Value Stocks Are Looking Remarkably Cheap, Even By Their Standards

Value Stocks Are Looking Remarkably Cheap, Even By Their Standards
Theodora Lee Joseph, CFA

almost 2 years ago1 min

Mentioned in story

Even in the current market rout, value stocks have been holding their own: if you’d invested in the MSCI World Value Index at the beginning of the year, you’d have made about 20% more than if you’d invested in its equivalent growth index. But if you think there are no gains left to be had, think again.

The chart above shows the “value spread” between growth stocks and value stocks – that is, how far the price premium of expensive stocks to cheap stocks has drifted from the historical average. A positive value reflects that value stocks are cheaper than growth stocks, and you can see that they’re now almost as cheap as they’ve ever been.

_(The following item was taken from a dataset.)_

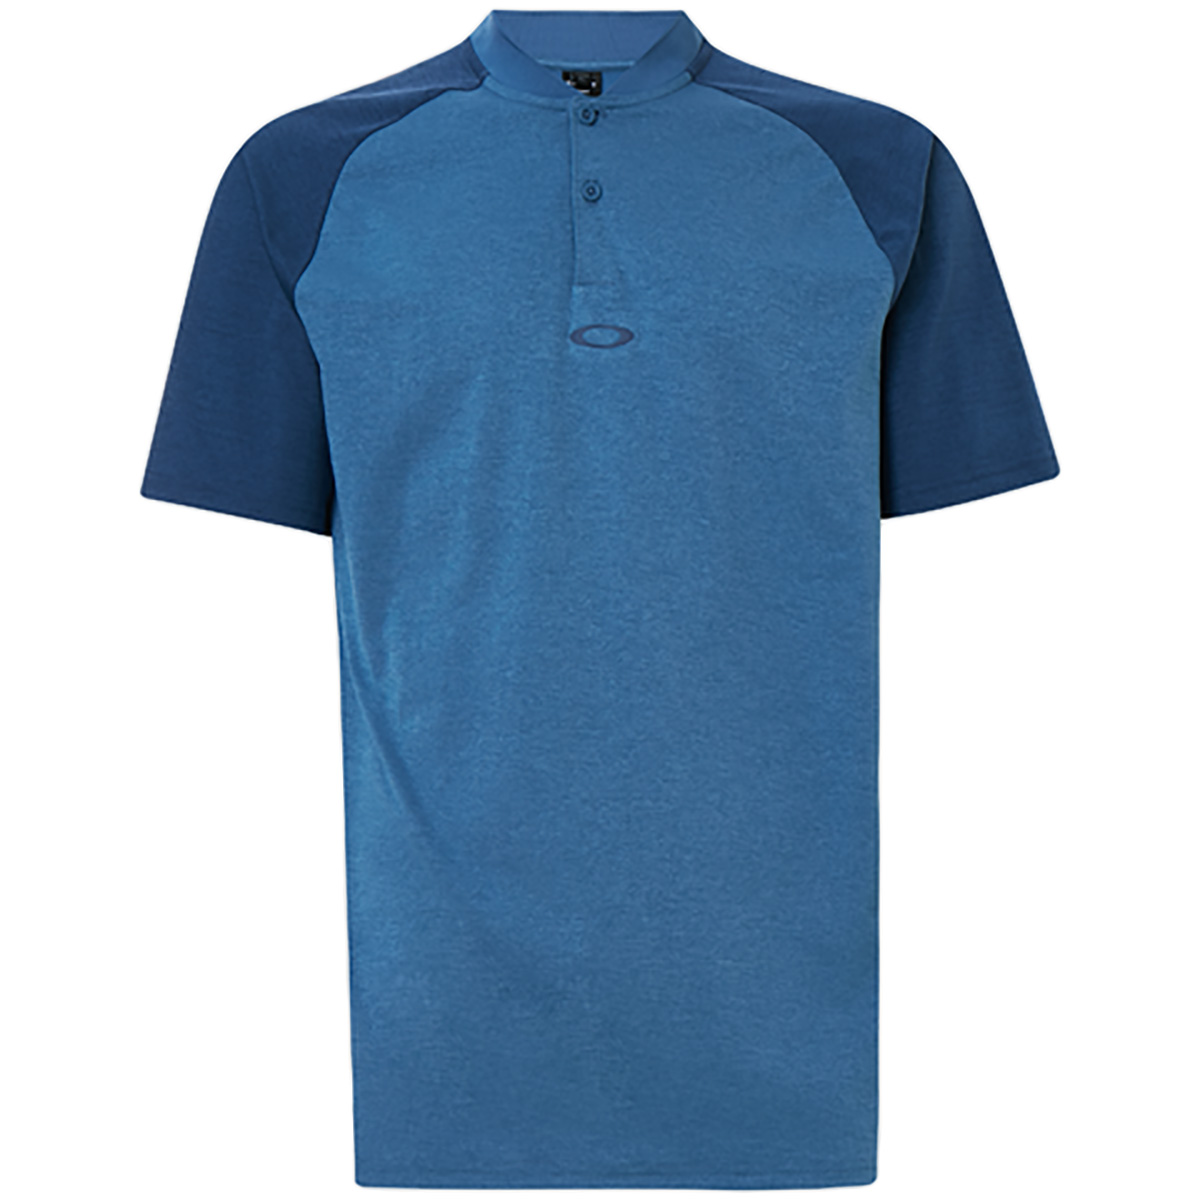 ICON BI COLOR 半袖ポロシャツ

Now, it’s true that the spread has been narrowing slightly in the last few months: a potent cocktail of high inflation, rate hikes, and geopolitical turmoil have made growth stocks less appealing, persuading investors to look elsewhere for potential returns. But it’s also true that there’s a long way to go before we’re back to parity between the two. If the backdrop for growth stocks keeps deteriorating and investors continue to snub them in favor of value, there might still be significant gains up for grabs.

If that idea captures your imagination, the MSCI World Value Index (ticker: SWDA, expense ratio: 0.2%) is obviously a good place to start. You could also pick a few companies from the index (listed here), and build your own value portfolio from scratch: ExxonMobil and Chevron might be a good choice if you think oil and gas prices have further to go, while Coca-Cola is a slightly more defensive bet. Alternatively, there are plenty of other ETFs that focus on value stocks: you can find a list of them here.